As defined in the general Graduate Student Requirements, students have to maintain a grade point average (GPA) of 3.0 or better and classes must be taken at the 200 level or higher. Students satisfying the course requirements of the Data Science track do not satisfy the other course requirements for the M.S. in Statistics
The total number of units in the degree is 45, 36 of which must be taken for a letter grade.
Submission of approved Master's Program Proposal, signed by the master's advisor, to the student services officer by the end of the first quarter of the master's degree program. A revised program proposal is required to be filed whenever there are changes to a student's previously approved program proposal.
There is no thesis requirement.
Data Science Proposal Forms
Students must demonstrate breadth of knowledge in the field by completing courses in these core areas.
- Mathematical & Statistical Foundations (15 units)
- Experimentation (3 units)
- Scientific Computing (includes software development & large-scale computing) (6 units minimum)
- Machine Learning Methods & Applications (6 units minimum)
- Practical Component (3 units)
- Elective course in the data sciences (remainder of 45 units)
Mathematical and Statistical Foundations (15 units)
Students must demonstrate foundational knowledge in the field by completing the following courses. Courses in this area must be taken for letter grades.
Introduction to Statistical Inference (STATS 200)
OR
Theory of Statistics I (STATS 300A)
Finite sample optimality of statistical procedures; Decision theory: loss, risk, admissibility; Principles of data reduction: sufficiency, ancillarity, completeness; Statistical models: exponential families, group families, nonparametric families; Point estimation: optimal unbiased and equivariant estimation, Bayes estimation, minimax estimation; Hypothesis testing and confidence intervals: uniformly most powerful tests, uniformly most accurate confidence intervals, optimal unbiased and invariant tests.

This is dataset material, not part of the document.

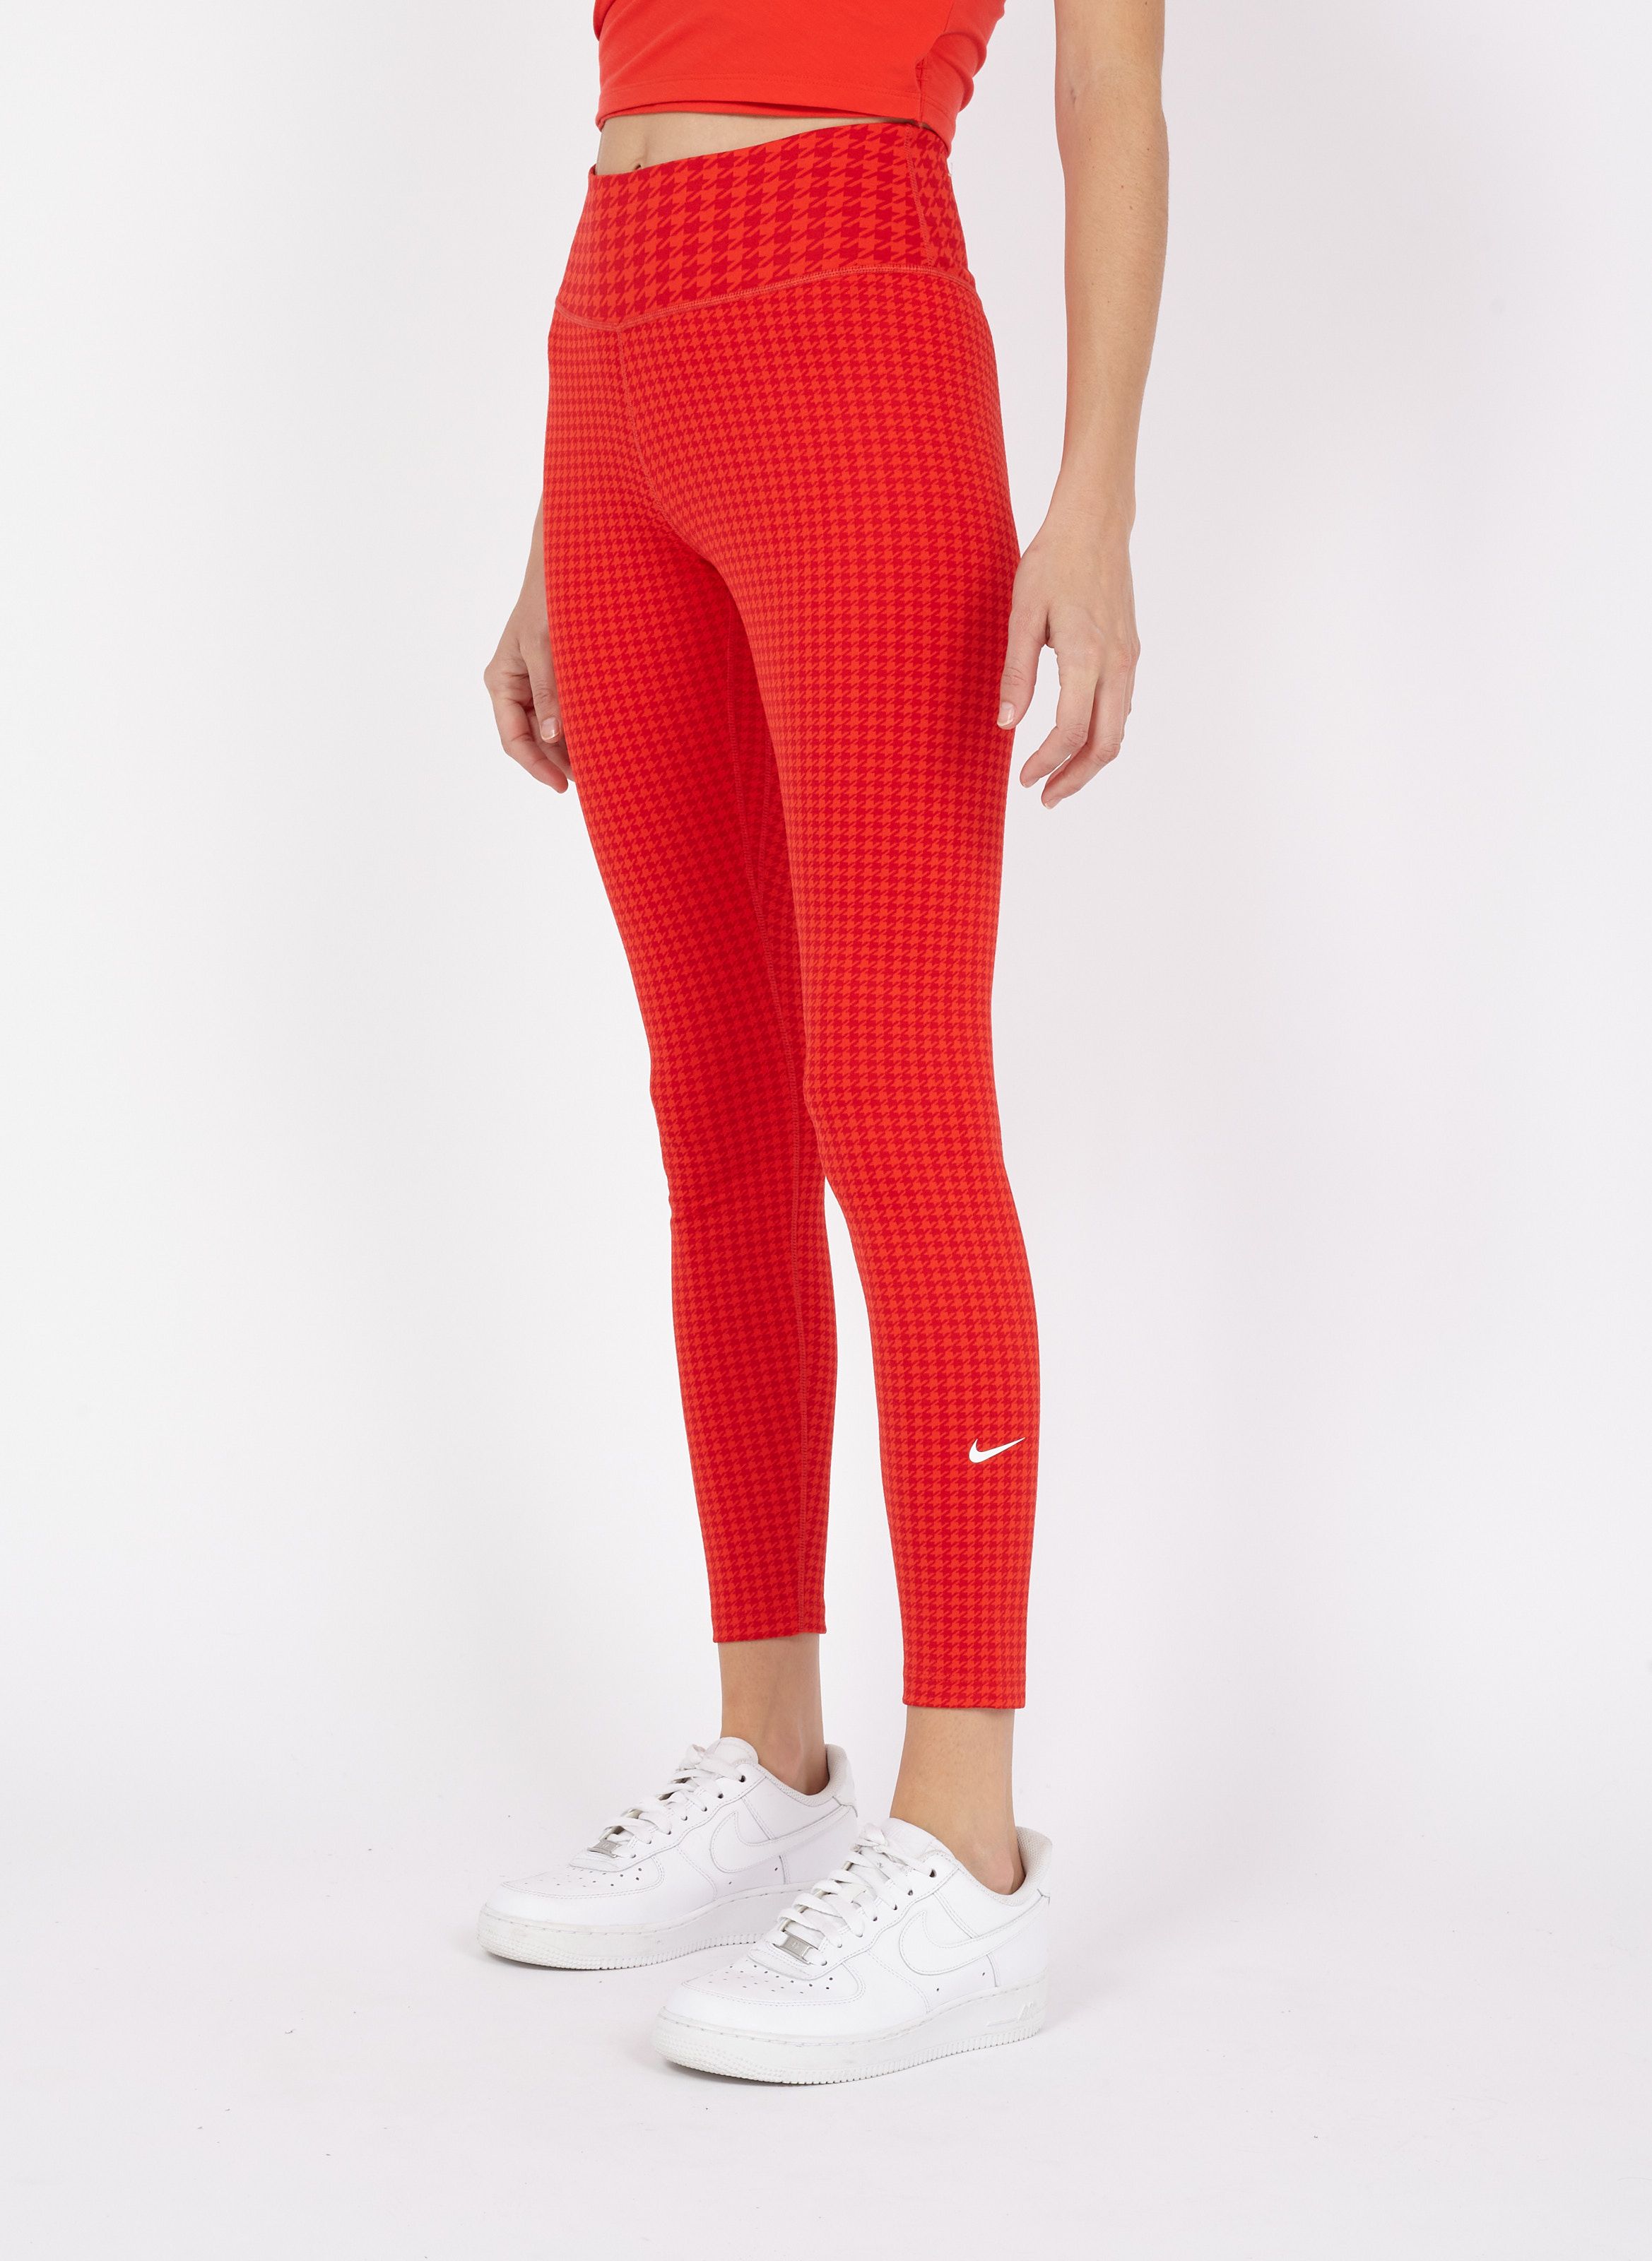 Soldes Legging De Sport Imprimé Chile Red/university Red/white Nike - Femme  | Place des Tendances

Prerequisites: Real analysis, introductory probability (at the level of STATS 116), and introductory statistics.
Introduction to Regression Models and Analysis of Variance (STATS 203)
Modeling and interpretation of observational and experimental data using linear and nonlinear regression methods. Model building and selection methods. Multivariable analysis. Fixed and random effects models. Experimental design. Prerequisites: A post-calculus introductory probability course, e.g. STATS 116, basic computer programming knowledge, some familiarity with matrix algebra, and a pre- or co-requisite post-calculus mathematical statistics course, e.g. STATS 200.
Or STATS 203V (Su)
OR
Applied Statistics I (STATS 305A)
Modern Applied Statistics: Learning (STATS 315A)
OR
Machine Learning (STATS/CS 229)
Numerical Linear Algebra (CME 302)
Stochastic Methods in Engineering (CME 308)
Experimentation Elective (3 units)
Experimental method and causal considerations are fundamental to data science. The course chosen from this area must be taken for letter grades.
Courses in this area must be taken for letter grades.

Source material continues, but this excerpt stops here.